Bagikan:

JAKARTA - Calon Wakil Gubernur nomor urut 3 Rano Karno (Doel) mengaku prihatin atas keputusan Dewan Etik Perkumpulan Survei Opini Publik Indonesia (Persepi) yang menjatuhkan sanksi kepada lembaga survei Poltracking Indonesia.

Sanksi ini dijatuhkan buntut adanya hasil survei berbeda antara Poltracking dengan Lembaga Survei Indonesia (LSI). Persepsi tak bisa menilai kesahihan survei Poltracking yang menerbitkan data elektabilitas pasangan cagub-cawagub Jakarta Ridwan Kamil-Suswono unggul di atas 50 persen.

"Keputusannya ada sanksi, mungkin ada keputusan secara enggak langsung secara teknis seperti apa, saya merasa prihatin saja," kata Doel ditemui di Pondok Pinang, Kebayoran Lama, Jakarta Selatan, Selasa, 5 November.

Doel mengaku tak paham bagaimana teknis pengambilan dan analisis data survei Poltracking yang dianggap janggal oleh Persepi. Namun, mantan Gubernur Banten itu memahami bahwa sanksi tersebut merupakan konsekuensi yang harus diterima.

"Saya tidak pandai survei, tapi barangkali itu menjadi suatu konsekuensi. Kalau memang satu lembaga yang saya melihatnya prestisius ya, kok bisa terjadi seperti itu? Saya enggak paham. Artinya saya prihatin aja," ucap Doel.

Sebagai informasi, Dewan Etik Persepi telah memeriksa dua lembaga yang merilis hasil survei mengenai elektabilitas calon Gubernur-Wakil Gubernur Jakarta dengan hasil berbeda pada waktu yang bersamaan.

Dalam survei Lembaga Survei Indonesia (LSI) yang dilakukan pada 10-17 Oktober, tercatat elektabilitas Pramono-Rano tercatat sebesar 41,6 persen, kemudian Ridwan Kamil-Suswono 37,4 persen, dan Dharma Pongrekun-Kun Wardana 6,6 persen.

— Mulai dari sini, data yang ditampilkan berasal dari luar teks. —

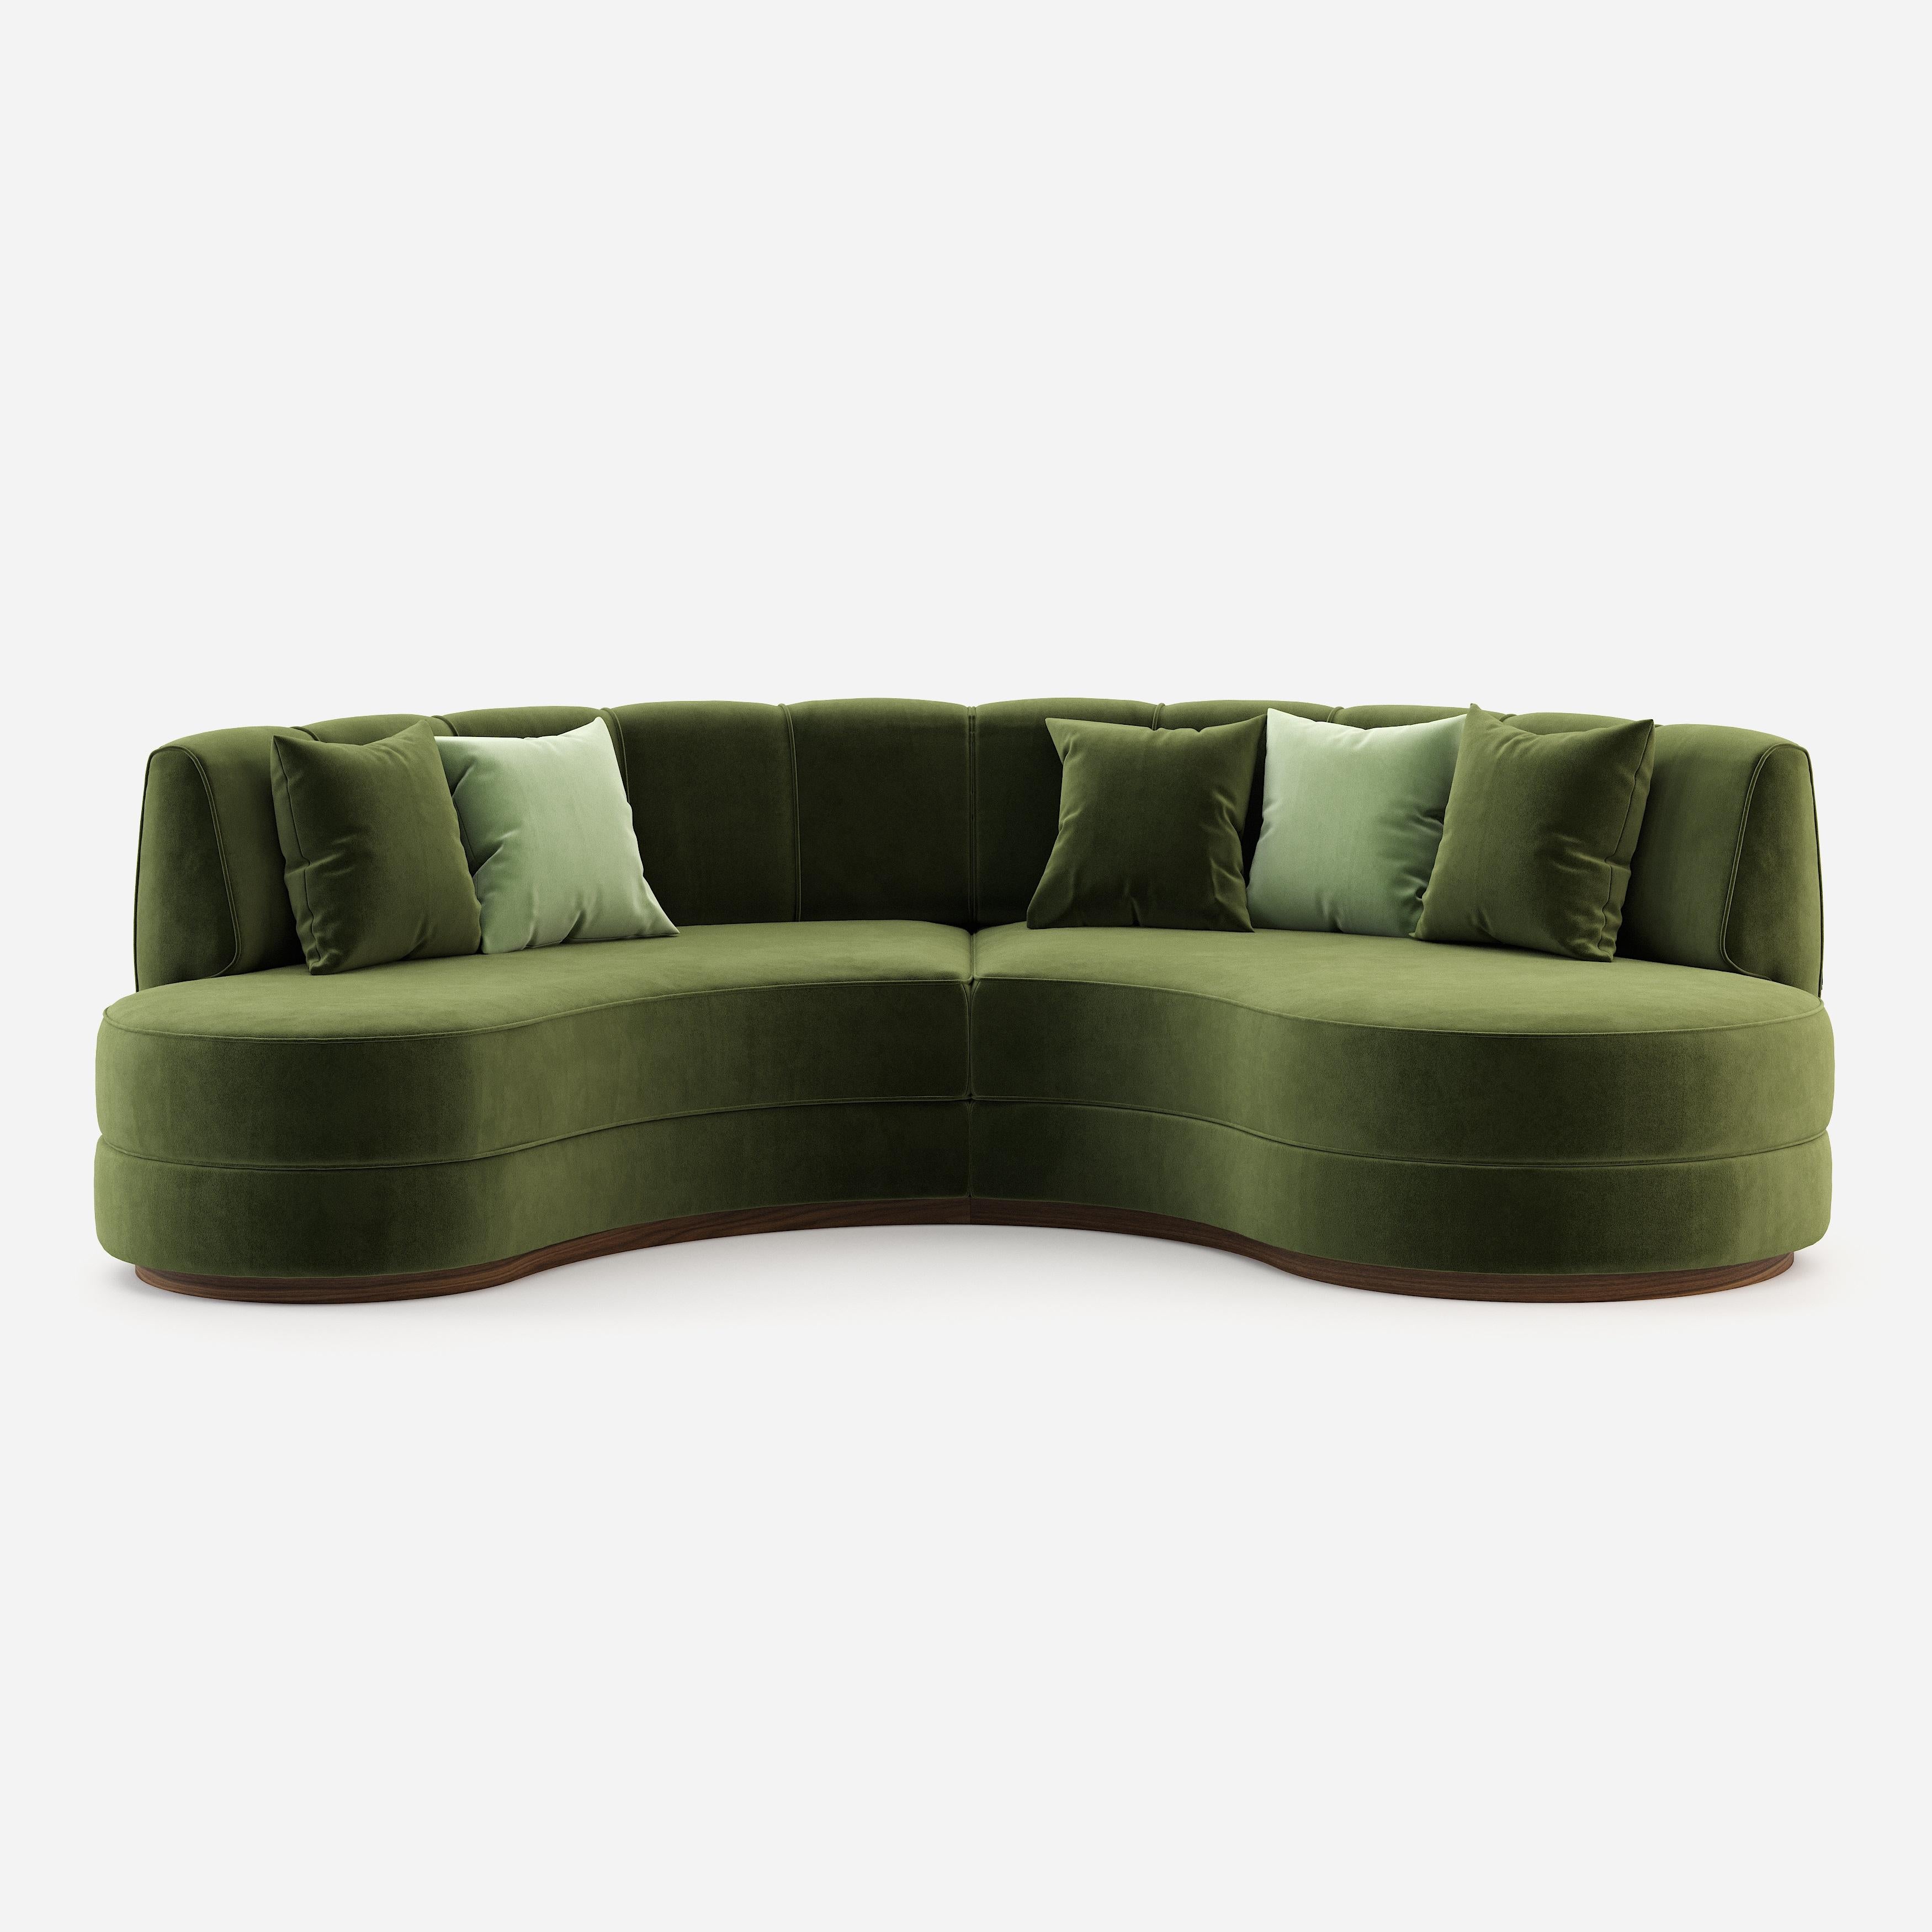 Das Sofa inspiriert sich an der Natur, wo Grün das vorherrschende Element ist und wo Täler und Hügel vorherrschen. Die Details des Artikels machen ihn zu einem perfekten Blickfang für jede moderne oder klassische Einrichtung.
Dieses Sofa wird in

Sementara itu, survei Poltracking Indonesia yang dilakukan pada 10-16 Oktober memaparkan elektabilitas RK-Suswono berada di angka 51,6 persen, diikuti Pramono-Rano 36,4 persen dan Dharma-Kun 3,9 persen.

Ketua Dewan Etik Persepi Asep Saefuddin menjelaskan, hasil pemeriksaan menyatakan LSI telah melakukan survei sesuai dengan standar operasional prosedur (SOP) survei opini publik.

"Pemeriksaan dan metode implementasinya (survei LSI) dapat dianalisis dengan baik," kata Asep dalam keterangannya, Senin, 4 November.

Sementara itu, Dewan Etik tidak bisa menilai apakah pelaksanaan survei Pilkada Jakarta yang dilakukan Poltracking sesuai dengan SOP survei opini publik. Sebab, tidak ada kepastian data mana yang harus dijadikan dasar penilaian.

Pada pemeriksaannya, Poltracking tak bisa menunjukkan data asli 2.000 sampel yang mereka ambil dari responden. Sehingga, Dewan Etik memutuskan untuk memberi sanksi pada Poltracking.

"Dewan Etik memberikan sanksi kepada Poltracking Indonesia untuk ke depan tidak diperbolehkan mempublikasikan hasil survei tanpa terlebih dahulu mendapatkan persetujuan dan pemeriksaan data oleh Dewan Etik, kecuali bila Poltracking Indonesia tidak lagi menjadi anggota Persepi," jelas Asep.